- Born: Waco, Texas
- Origin: Lorena, Texas
- Occupations: Singer, Songwriter
- Instruments: Vocals, Guitar
- Years active: 2012–present
- Label: Arista Nashville
- Website: www.kristenkellymusic.com

= Kristen Kelly =

American singer-songwriter

Kristen Kelly is an American country music singer from Lorena, Texas. While signed to Arista Nashville she released her debut single, "Ex-Old Man". The song was the first from her self titled ep, produced by Tony Brown and Paul Overstreet. "Ex-Old Man" was the number one most added debut song at country radio for a female artist and was Kelly's first TOP 30 single. Radio Country Universe gave the song a B+, praising the sound as "back-to-basics". It debuted at number 60 on the Hot Country Songs chart dated May 12, 2012.
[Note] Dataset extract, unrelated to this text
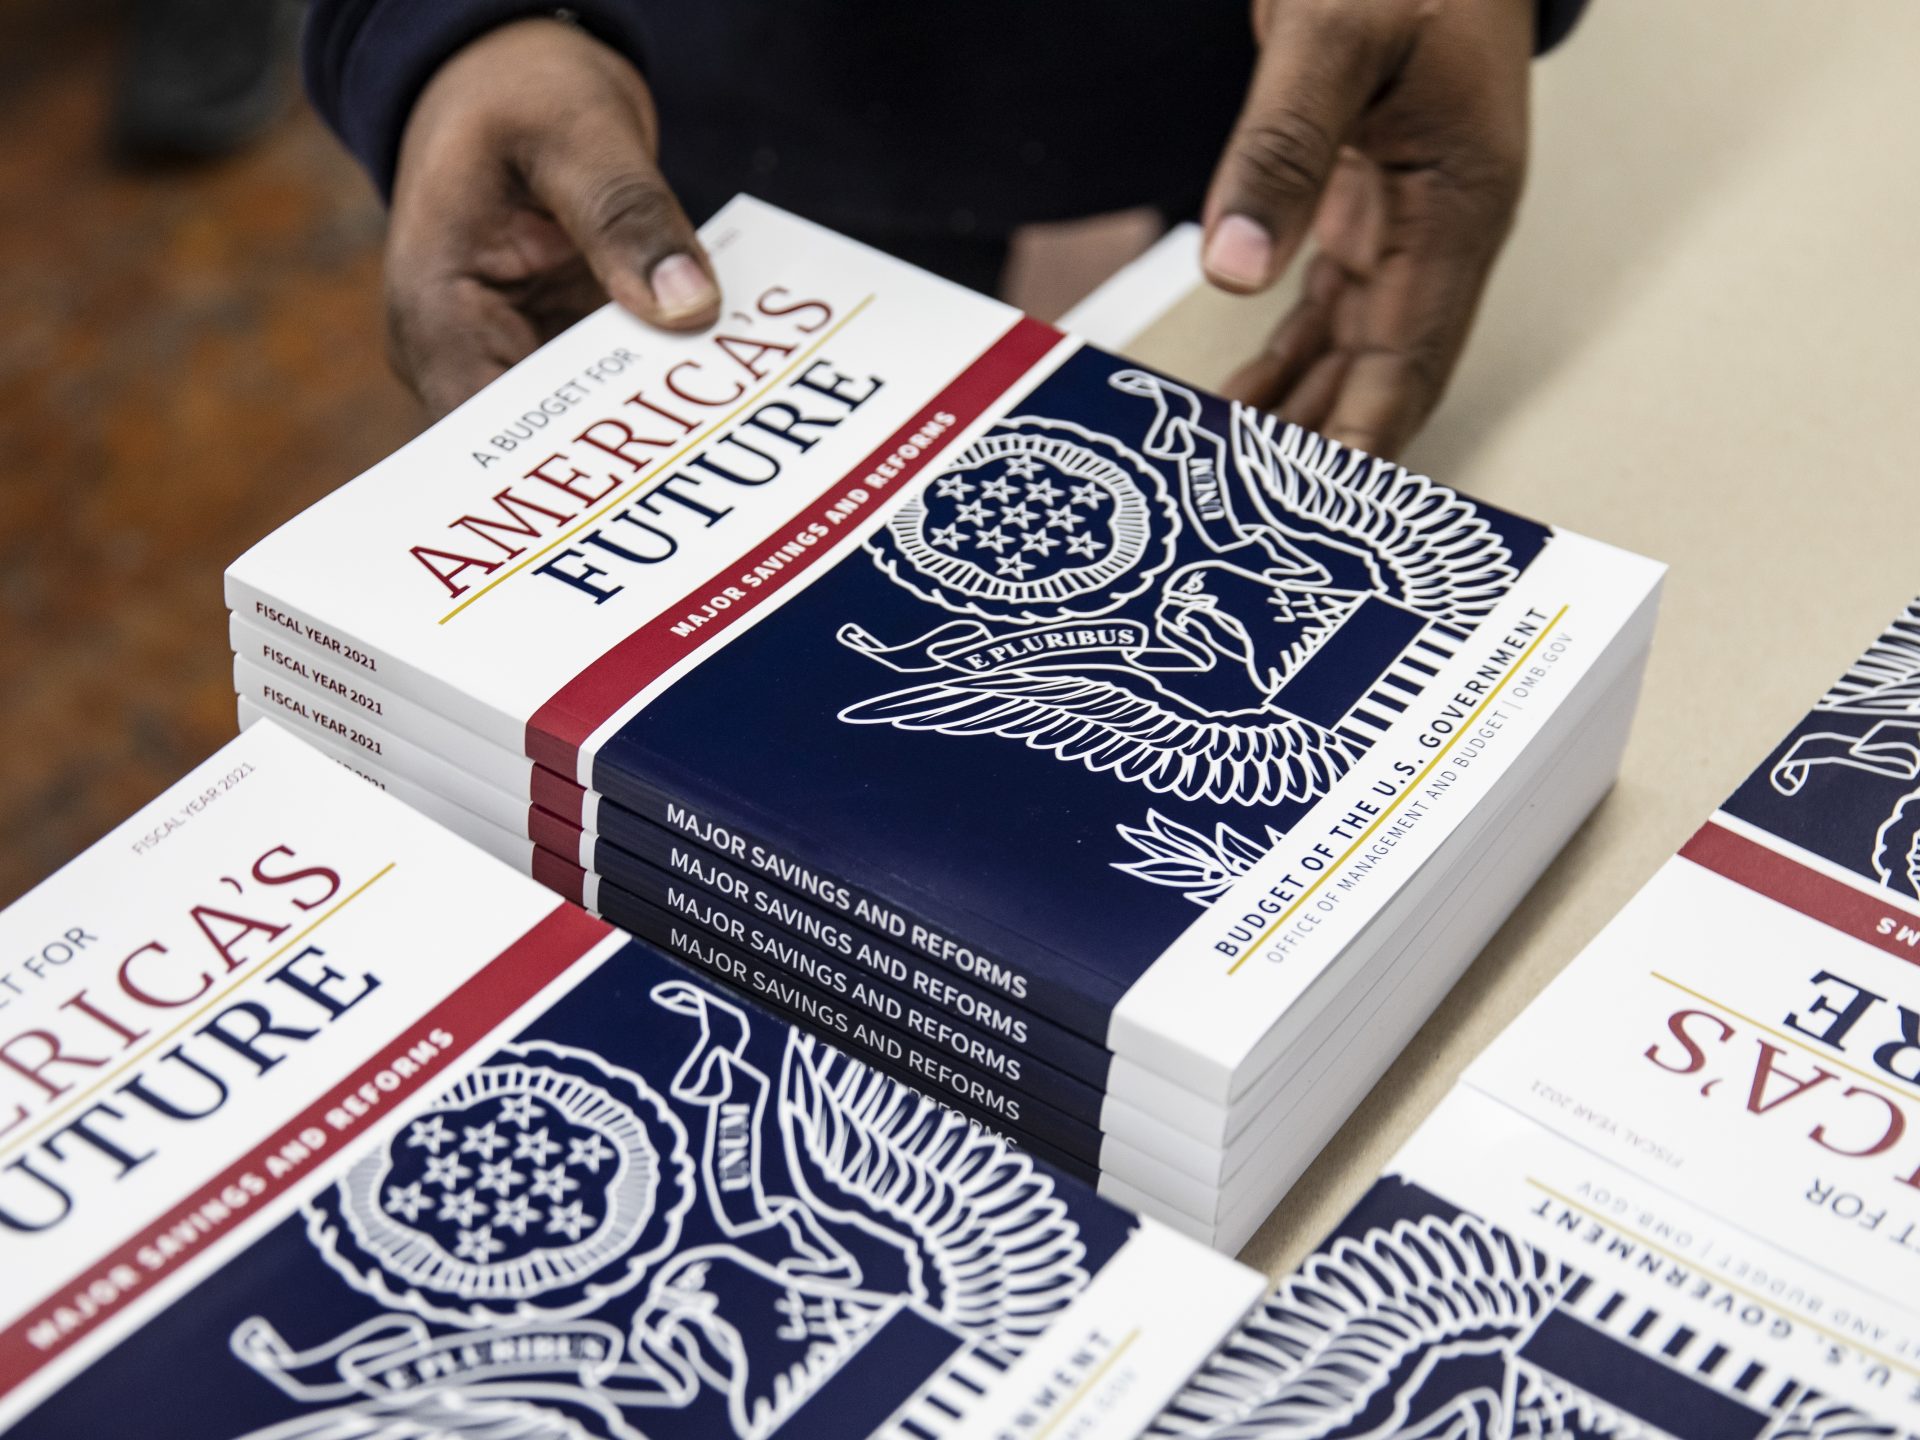 Hot off the presses: The president's budget proposal for fiscal 2021 at the Government Publishing Office. The election year proposals are unlikely to gain traction in the Democratic-controlled House of Representatives.

That same year Kelly was a member of the first class of female artists inducted into CMT's Next Women of Country campaign, which spotlights the newest ladies of country music.

Kelly has played the Grand Ole Opry and toured with some of country music's biggest names including Brad Paisley's 2012 Virtual Reality World Tour Rascal Flatts, Alan Jackson, Sheryl Crow, The Band Perry, Willie Nelson, Gary Allan, Dierks Bentley, Jake Owen and more.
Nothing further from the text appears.